(THIS ARTICLE IS MACHINE TRANSLATED by Google from Norwegian)
I Women of Kuwait Maha Alasaker presents photographs of 25 Kuwaiti women in the bedroom, while Nada Faris has written texts for the images. The book shows a diverse Kuwait, which is represented by, among others, a chef, a veterinarian, a stylist, a journalist and an economist. Alasaker's starting point has been the stereotypical questions she was asked when she came to the United States: "Do Kuwaiti women cover their hair?", "Are they allowed to drive?" And so on.
The message is clear: We are all equal, with or without hijab.
Kuwait is a Muslim country bordering Iraq and Saudi Arabia. The official language is Arabic, and the population is approximately 4,6 million. Compared to other Arab countries, Kuwait is one of the more open about women's place in society, and today there are more women than men in Kuwait's working life. However, women were only allowed 2005 voting rights in May. In 2009, four women were elected to Parliament for the first time, and in 2011, Kuwait was ranked highest by all Arab countries in terms of gender equality in the UN Human Development Index.

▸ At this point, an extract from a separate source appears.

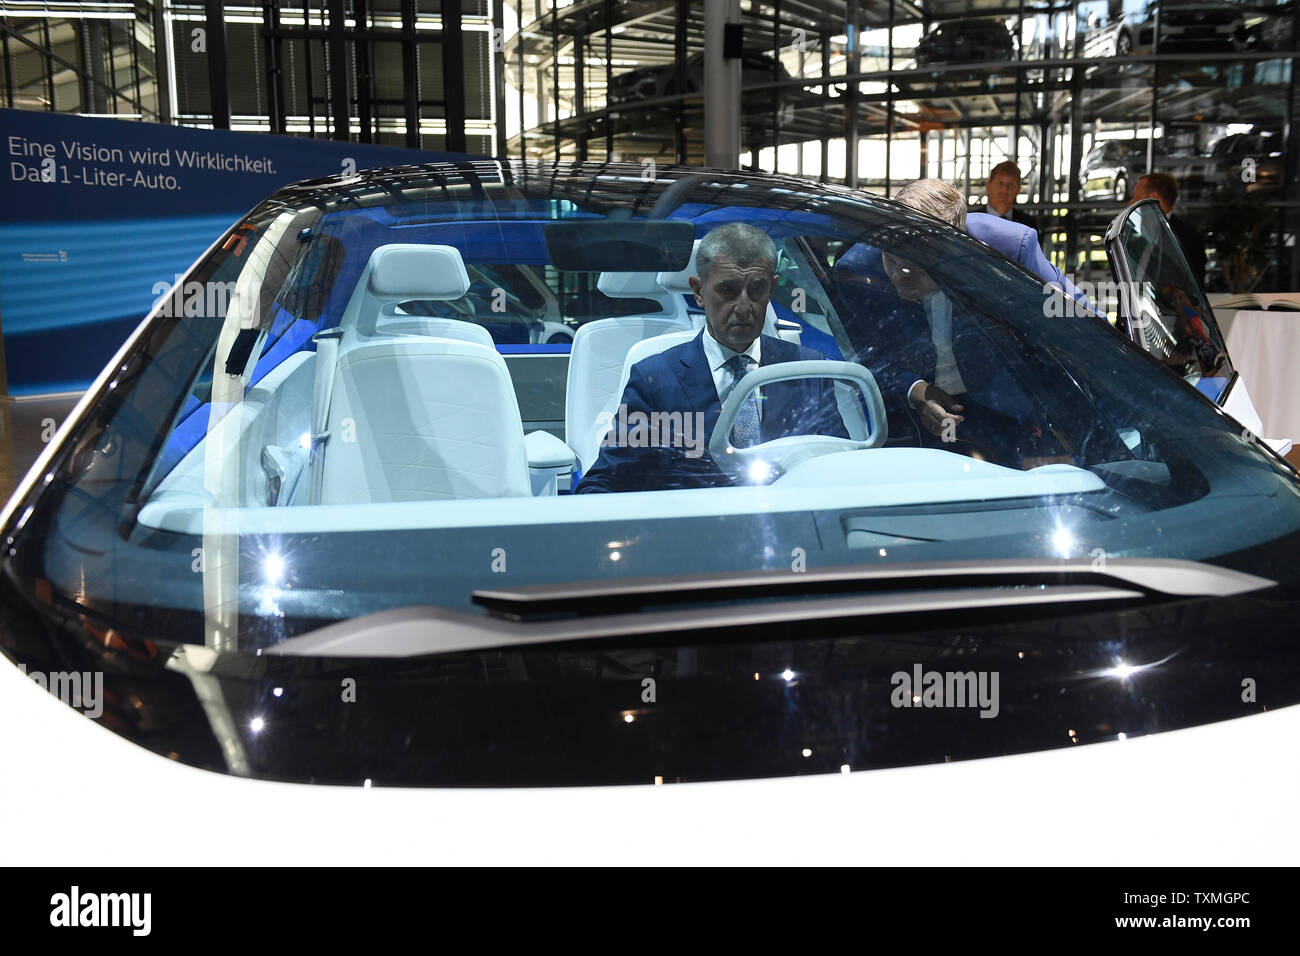 Drazdany, Germany. 25th June, 2019. Czech Prime Minister Andrej Babis, center, visits a Volkswagen plant in Dresden, Germany, on June 25, 2019. On the photo is seen a Showcard ID concept and Director of the plant Lars Dittert, right. Credit: Ondrej Deml/CTK Photo/Alamy Live News Stock Photo

As a second-generation immigrant from Norway, living in Austria with a Turkish name, I am often asked where I come from, unless people have already put me in a booth based on my name and appearance. When I reply that I come from Norway, the objection is often: "But Norwegians have blue eyes and blond hair." Then I answer that Norway is the country I was born and raised in, that I identify myself as Norwegian, and that there are many Norwegians like me.
In Women of Kuwait, Alasaker and Faris both break and confirm the prejudices I and probably many others have against Kuwaiti women. Some of them wear hijab and have very conservative and religious values - as I originally imagined them. On the other hand, several of them are also hijab-free, liberal and dissatisfied with women's rights in the country – something they have in common with women all over the world. The message is clear: We are all equal, with or without hijab, whether we have dark or light hair, dark or light skin. The exterior is only a shell; Our skeleton has the same anatomy.
The book's photograph of Fatimah Alyakoob shows a young, hijab-clad woman staring hopefully into the horizon. In the background there is a well-stocked bookshelf, on the table in front of her is a notepad, so much indicates that this is an educated woman. Otherwise, this could as well have been a young Norwegian woman's room, with light pastel colors and simple interiors, so the differences between Kuwaiti and Norwegian bedroom interiors are not necessarily very large. The caption says that Alyakoob recently lost her father, who died of brain cancer. After he became ill, his father realized that he had wasted his life working and that he never really enjoyed his surroundings.
From collectivism to individualism
20 years ago, it was not uncommon in Kuwait for up to eight to ten siblings to share the same room. The country's strong oil economy has led to a dissolution of the collectivist family system, and today the individual is placed more at the center. In Kuwaiti homes, there are often multiple bedrooms to meet the children's individual needs. Simultaneously, the flocks of children are shrinking radically.
In 2011, Kuwait was ranked highest by all Arab countries in terms of
gender equality in the United Nations Human Development Index.
In a Kuwaiti family, the bedroom can become a kind of haven where individual needs are put before the collectivists. Here, the individual can enjoy their own company in an otherwise so family-friendly everyday life. The photographs in this book remind me of Virginia Woolfs A separate room (1929), where she writes how important it is for a woman to have a separate room to work and have time for herself.
Journalist Athoob Al-Shuaibi, pictured on the first page of the book, is terrified of being like his mother, who believed that parents were martyrs. The mother sacrificed her life for her children. But did she have any dreams at all but build a home for her family? We do not know.
Al-Shuaibi's mother reminds me of my own mother – we (my sister, my brother and I) were her life. When we became adults and moved away from home, she suddenly had nothing to worry about. The emptiness filled her, and the depression came creeping.
So-called working mothers are still faced with a lot of criticism today, not only in Kuwait, including being self-absorbed and not prioritizing our children enough. In fact, it is actually the smartest and healthiest thing a mother can do to have a professional commitment, and I never even wanted to. considered to quit my job because I have become a mother. It would be the same as laying down one's own identity.